Although Congressman Paul Ryan has adamantly said he isn’t running for president, this speech he gave to the Hamilton Society on June 2 on foreign affairs shows that he knows more than just economics.
“Some of you might be wondering why the House Budget Committee Chairman is standing here addressing a room full of national security experts about American foreign policy,” he begins. “What can I tell you that you don’t already know?”
Ryan goes on to link economics to foreign policy. “Our fiscal policy and our foreign policy are on a collision course; and if we fail to put our budget on a sustainable path, then we are choosing decline as a world power.” Ryan notes that our defense spending has gone from 39% at the end of the 20th century to less than 16% now.
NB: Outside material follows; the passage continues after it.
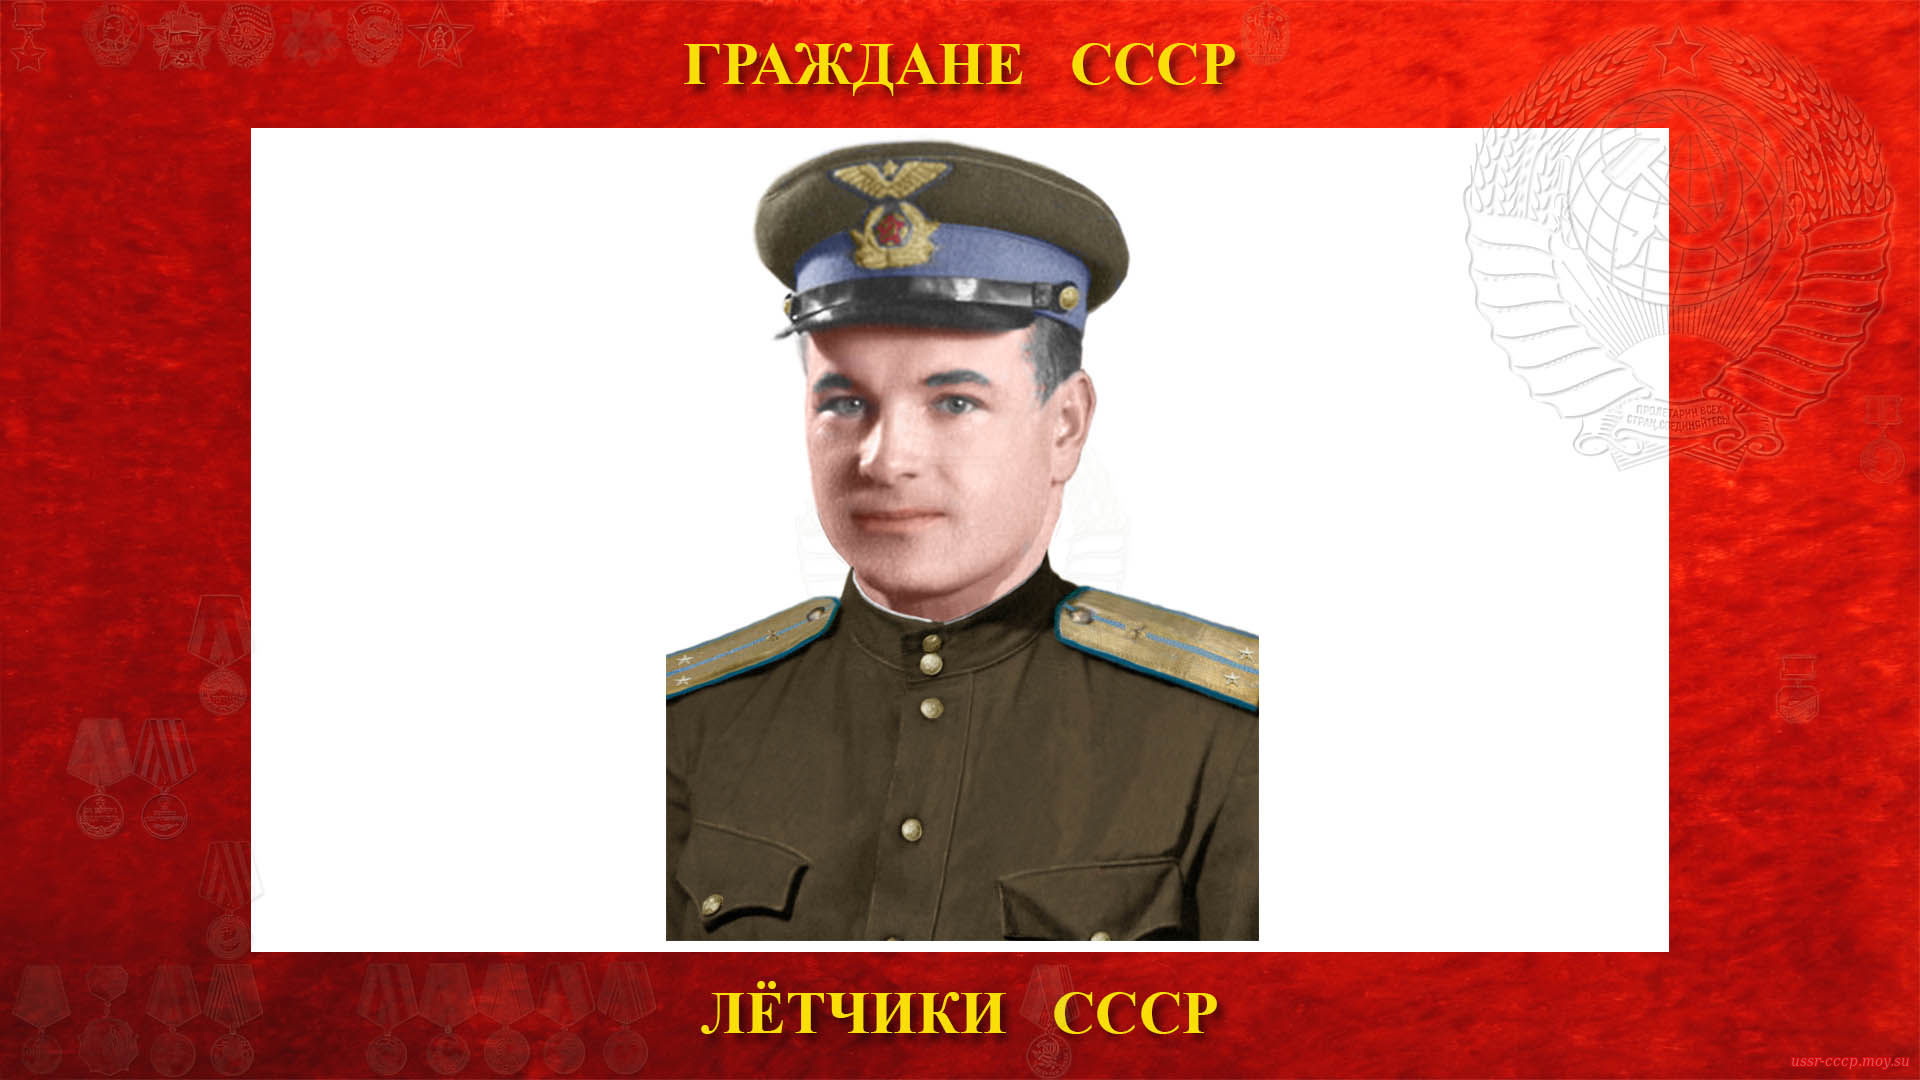 Михайлов Павел Михайлович — Советский лётчик СССР — Герой Советского Союза

He sees us careening towards “the most predictable economic crisis in history…At the end of the decade we’ll spend 20% of our tax revenue simply paying interest on the debt – and that’s according to optimistic projections.”
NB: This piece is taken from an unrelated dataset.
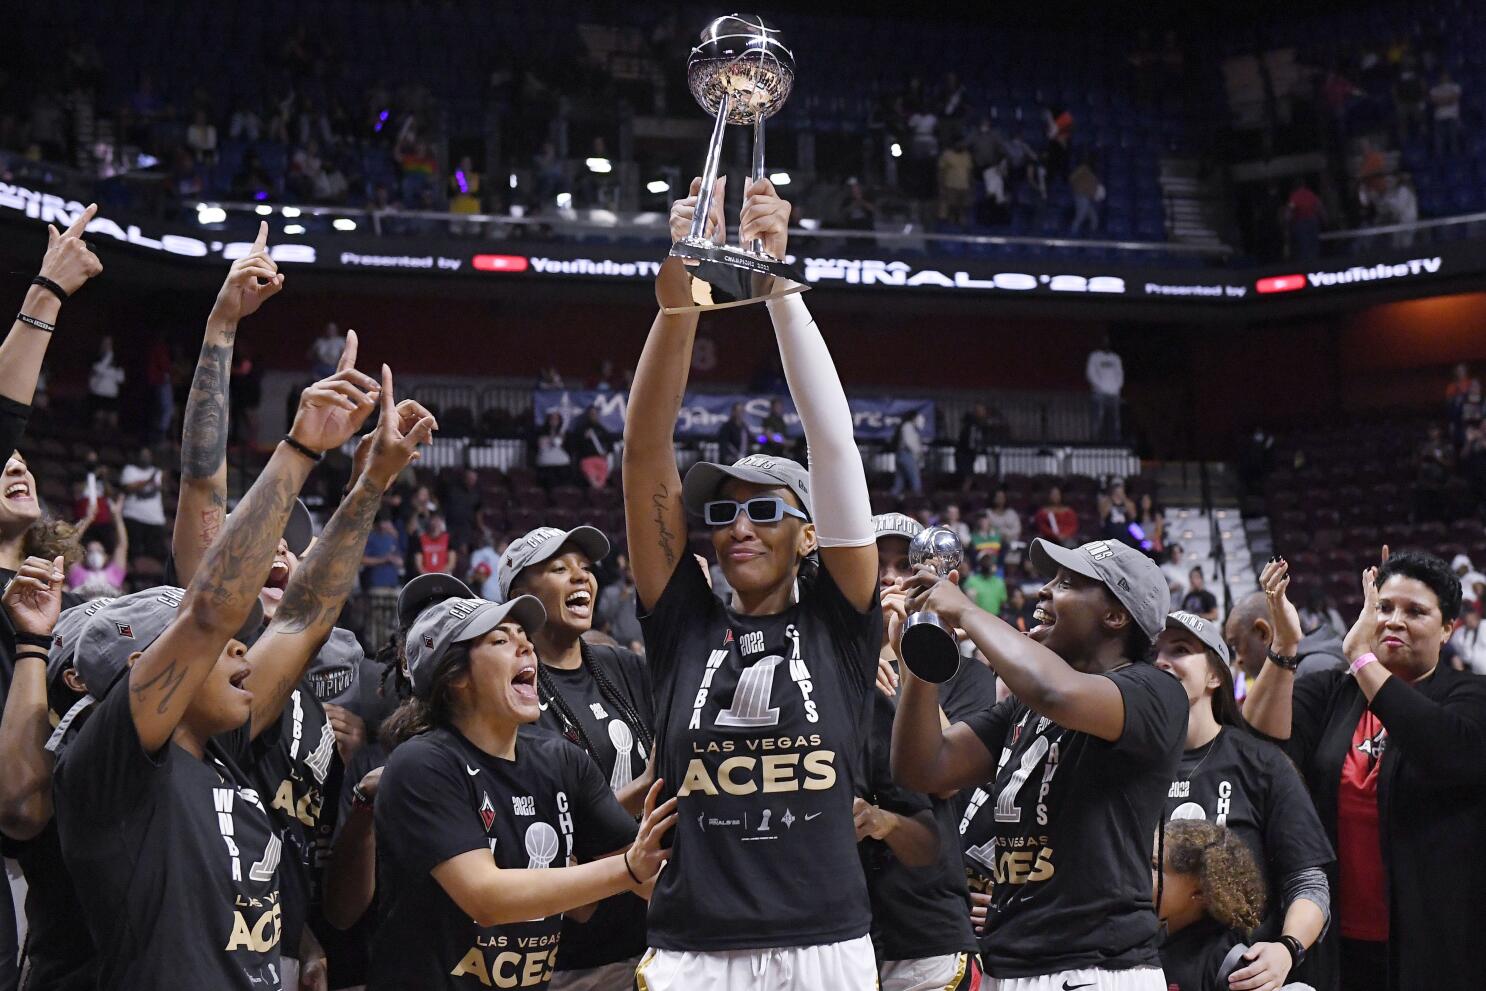 Men's Las Vegas Aces New Era Gray 2022 WNBA Finals Champions

Ryan points to entitlement programs such as Social Security, Medicare and Medicaid as part of the reason, but says the high cost of Obamacare will crowd out everything else.
His warnings and suggestions need to be viewed by all Americans. You can read the full text of his address at http://www.budget.house.gov/News/DocumentSingle.aspx?DocumentID=244386.

New for Seniors

Talk radio host Hugh Hewitt is launching a new site for senior citizens. It’s www.RedSenior.com. No, it’s not red as in Communism, but red as in red Republican states.
“I am collecting emails from interested seniors so that I can send out a newsletter listing the campaigns of greatest importance to conservative seniors so that those seniors know where best to invest their campaign contributions and volunteer energies,” Hewitt says. “I am also posting there stories of interest to seniors, especially about the Medicare debate.
“I’d like to build a small but effective version of Emily’s list, the left wing club of like minded contributors, but with the key difference that Red Senior subscribers would support with contributions those candidates who aim to save Medicare and Social Security from bankruptcy while protecting those already in or near to joining the ranks of those depending on the programs.”
Sounds like a good way to be informed on those topics and to counter the left’s arguments.